[Python-ideas] PEP 531: Existence checking operators

Nick Coghlan ncoghlan at gmail.com
Sat Oct 29 02:21:18 EDT 2016


On 29 October 2016 at 14:52, Nick Coghlan <ncoghlan at gmail.com> wrote:
> And that reflects the problem Paul and David highlighted: in any
> *specific* context, there's typically either only one sentinel we want
> to either propagate or else replace with a calculated value, or else
> we want to handle different sentinel values differently, which makes
> the entire concept of a unifying duck-typing protocol pragmatically
> dubious, and hence calls into question the idea of introducing new
> syntax for working with it.
>
> On the other hand, if you try to do this as an "only None is special"
> kind of syntax, then any of the *other* missing data sentinels (of
> which we have 4 in the builtins alone, and 5 when you add the decimal
> module) end up being on much the same level as "arbitrary sentinel
> objects" in the draft PEP 531, which I would consider to be an
> incredibly poor outcome for a change as invasive as adding new syntax:
> https://www.python.org/dev/peps/pep-0531/#arbitrary-sentinel-objects

Considering this question of "Am I attempting to extract the right
underlying design pattern?" further puts me in mind of Greg Ewing's
old rejected proposal to permit overloading the "and" and "or"
operators: https://www.python.org/dev/peps/pep-0335/

After all, the proposed "?then" and "?else" operators in PEP 531 are
really just customised variants of "and" and "or" that use a slightly
modified definition of truth-checking.

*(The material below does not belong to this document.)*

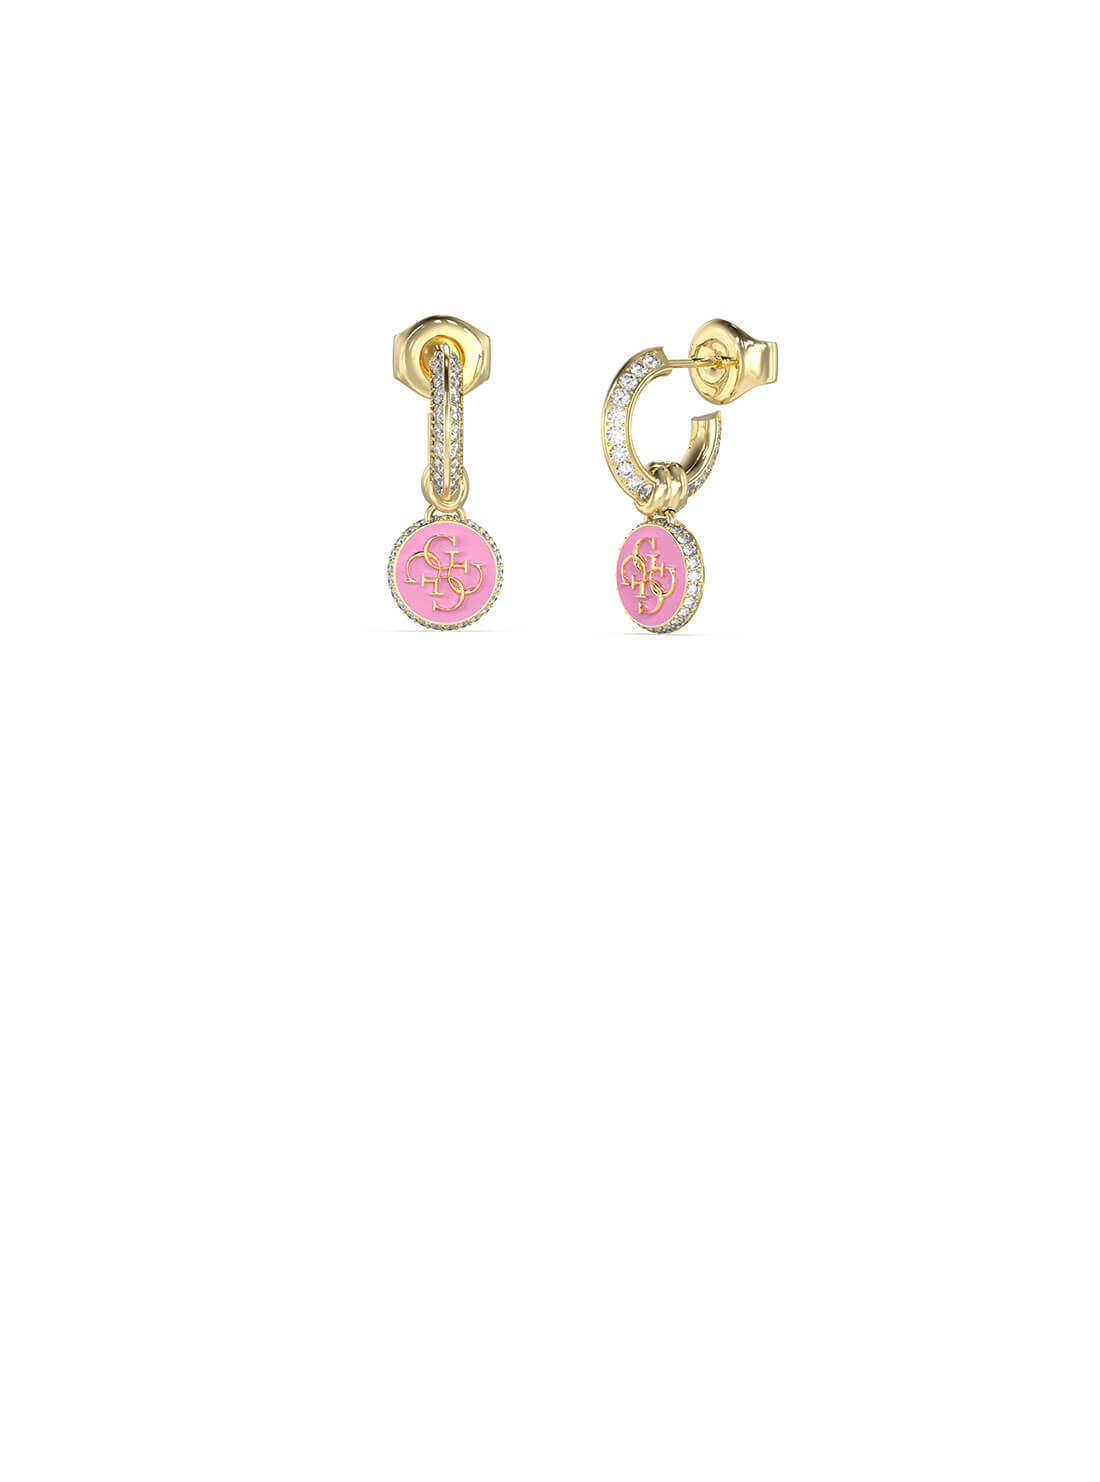 Gold Knot You Pink Crystal Stud Earrings | GUESS Women's Jewellery | front view

PEP 335 attempted to tackle
that operator overloading problem directly, but now I'm wondering if
it may be more fruitful to instead consider the problem in terms of
the expanded conditional expressions:

* "LHS and RHS" -> "RHS if LHS else LHS"
* "LHS or RHS" -> "LHS if LHS else RHS"

A short-circuiting if-else protocol for arbitrary "THEN if COND else
ELSE" expressions could then look like this:

    _condition = COND
    if _condition:
        _then = THEN
        if hasattr(_condition, "__then__"):
            return _condition.__then__(_then)
        return _then
    else:
        _else = ELSE
        if hasattr(_condition, "__else__"):
            return _condition.__else__(_else)
        return _else

"and" and "or" would then be simplified versions of that, where the
condition expression was re-used as either the "THEN" subexpression
("or") or the "ELSE" subexpression ("and").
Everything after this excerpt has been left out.